Sent from Petguide.com Free App


----------



## MowMow (Nov 6, 2010)

I would *LOVE* one made from a real tree. SOmething like this: Twisted Juniper Cat Tree – Part 1 – Base | Lax Cat Creations

I think this thing is so beautiful, I'd LOVE to have this in my house!
A co worker is an amateur carpenter, I might run this by him and see how much he'd charge for this kind of work....


----------



## Heather72754 (Nov 1, 2013)

Yeah, that's definitely as much art as it is cat tree - very nice.


----------



## CatMonkeys (Sep 27, 2012)

If you're talking about solid wood (or a real tree like the one MowMow posted), of course there is going to be a cost difference between that and the pressed wood most trees on Amazon are made of. Some of the build-it-yourself trees are pretty good (I have one myself), but they likely won't last the same as one made of better materials. And I imagine if cat tree companies used better materials, you'd be paying way more than $150 and you would need proper tools to build it (not just an Allen wrench).


----------



## Carmel (Nov 23, 2010)

They are far superior ... very sturdy and use real carpeting. That other stuff (can't think of its name) is very soft and easy for the cats to slip on.

I got a 500 dollar 8 foot high cat tree on Craigslist for 50 dollars... probably the best 50 dollars I ever spent. It weighs a TON so even though its completely vertical, it has a wide base and there's nothing flimsy about it... I can sit and stand on it without worry. Jasper climbs it like a tree and flys onto it... he loves finding his mouse when we hide it around the tree.


----------



## howsefrau32 (Mar 6, 2013)

I would love to have one of those real wood ones too, but I spend all of money on cat food, litter and vets......so, I have an Armarkat tree. I have a $150 model that I got on sale, for $80 through Amazon, shipping included. I have had it over a year and it has held up surprisingly well. My cat Stephano zips up and down that thing 100 times a day, and it takes a beating. Is it the bests made cat tree...no. But I have had FAR worse. Someone gave me a "go pet club" small tree once, and at least the one I had was the flimsiest piece of junk I've ever seen. If you read the reviews on Amazon or Wayfair, you can find one that is decent, like mine, or you can get a really good one for more. If I could afford it, I would buy a better one. I do have a pre-assembled one from Petsmart, it is definitely more sturdy than my Armarkat, but it was $140. I've had it for years though, and it's very strong. 

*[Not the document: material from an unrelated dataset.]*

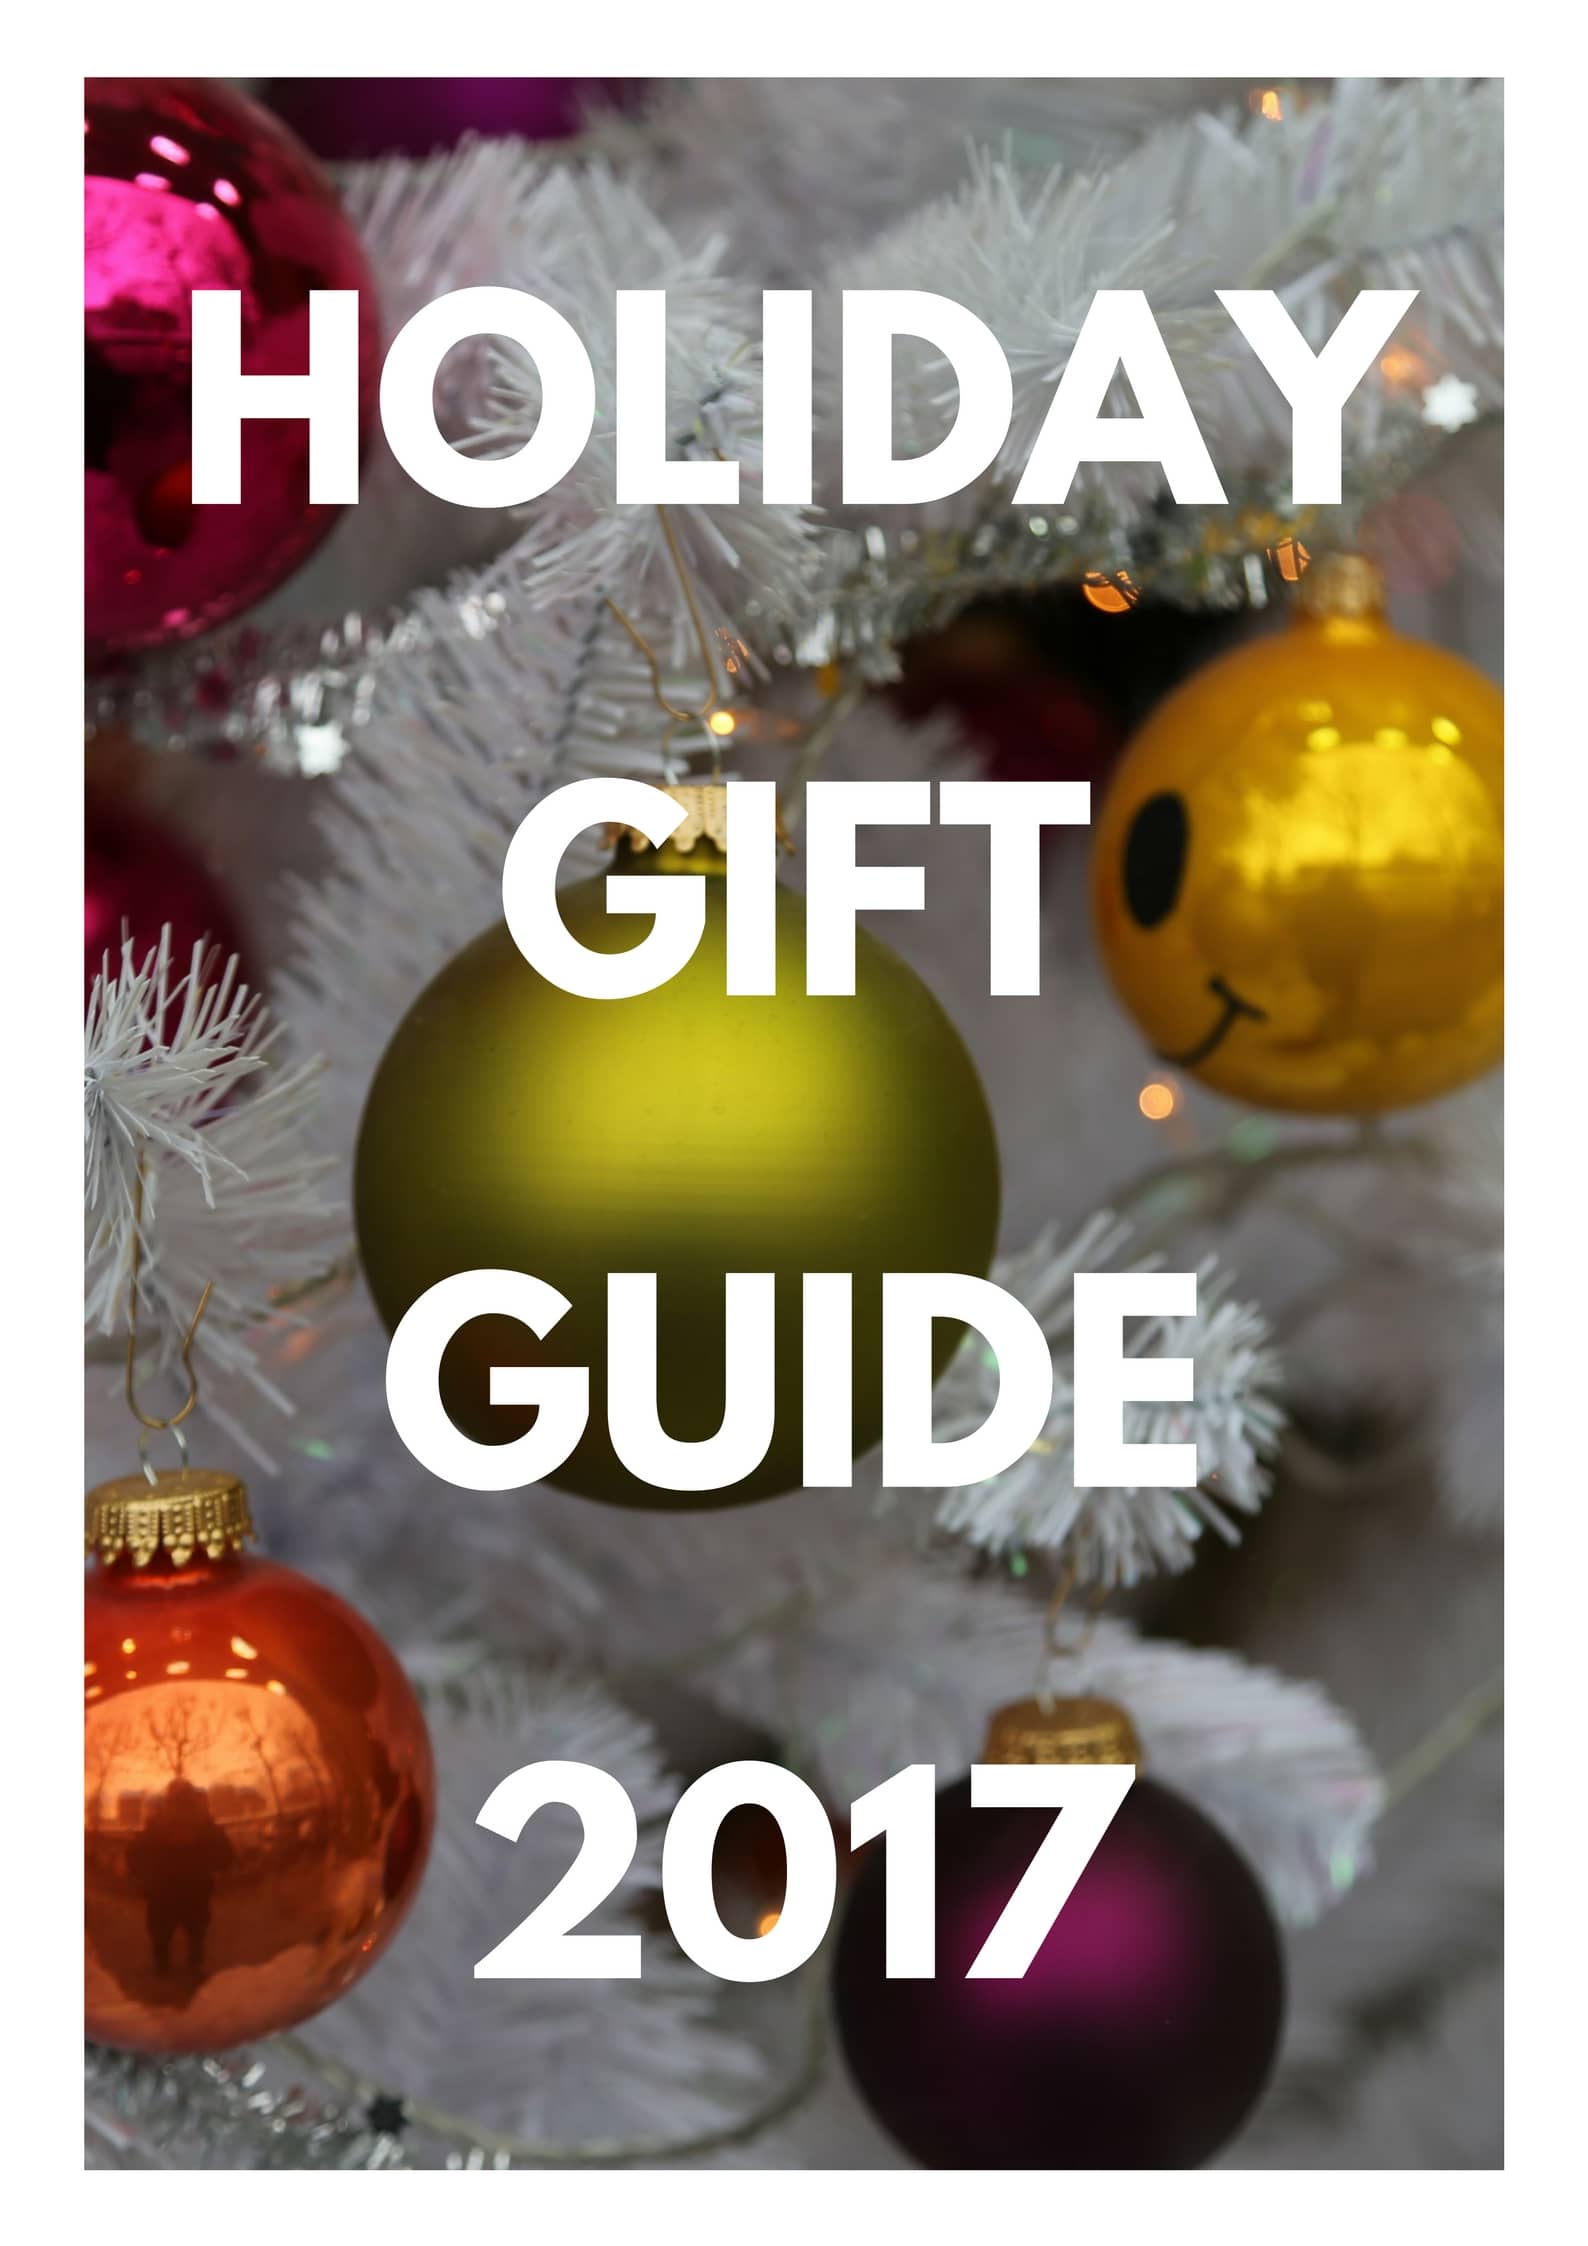 Best Holiday Gifts for 2017

My cats love them though. There is one by several windows and there is always a cat perched atop one sunning themselves or looking at birds. And it gives a house cat some much needed exercise, running up and down them. I managed to get an Armarkat on Wayfair for $30 once, a few people on here got the same deal. It was a big tree, but I have not seen a deal like there since. My daughter's Armarkat tree takes more of a beating than mine does, her cat is a moose, almost 20 pounds, and he flies up and down that thing all day, and it has held up very well.


----------



## Marcia (Dec 26, 2010)

It's all about costs and convenience. The manufacturers make them in sections so they can be mass produced and shipped to stores and customer's homes more economically.

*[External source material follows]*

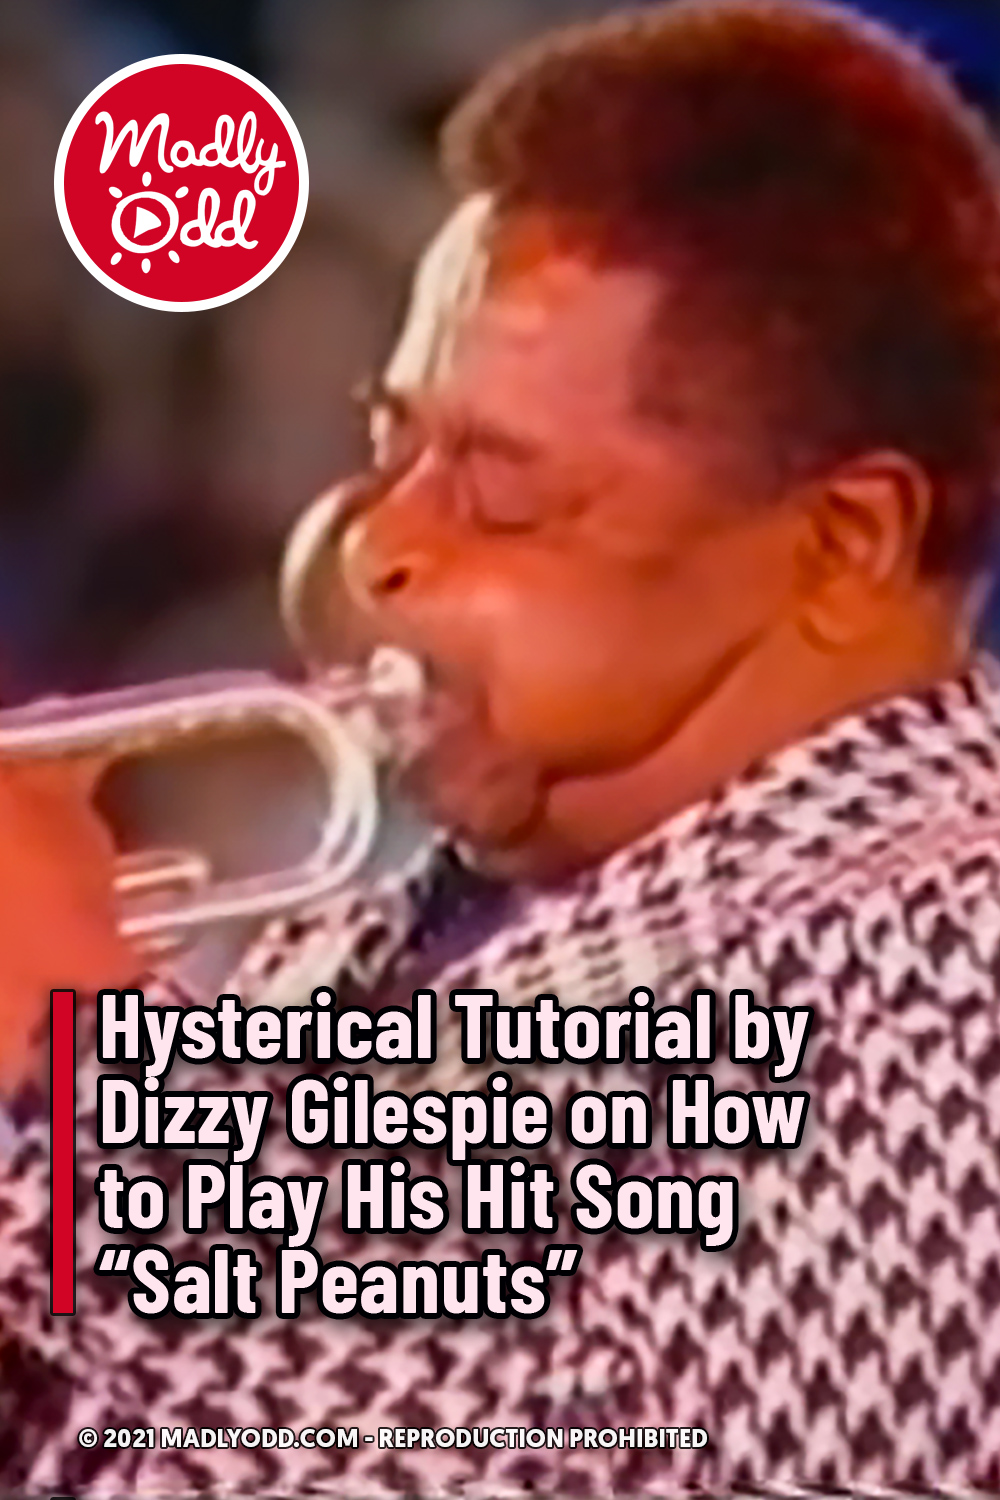 Hysterical Tutorial by Dizzy Gilespie on How to Play His Hit Song “Salt Peanuts”

A completed cat tree would be hundreds more in shipping costs and take a truck - not UPS truck, to ship it. The cost would be prohibitive to the average shopper. A full cat tree made in a single piece would almost always have to be made locally by someone that is willing to deliver or provide for pick up locally. It's all about cost.


----------



## calypsocoin (Jan 20, 2014)

Have you considered buying a used one? I got one for Mac off Craiglist for $45. I don't think it's high dollar or anything, but it's got three shelves and is about five feet tall so I definitely saved money. Once I got it, I wiped it down with Nature's Miracle to get rid of the other cat's smell (and, unfortunately, cigarette smoke). Mac loves it and uses it all the time especially now that I've put it by the window.


----------



## Blumpy710 (Feb 24, 2014)

I built my own, my cats love it but its starting to come apart. I need a big one that looks nice and is affordable. Can't seem to find one.


----------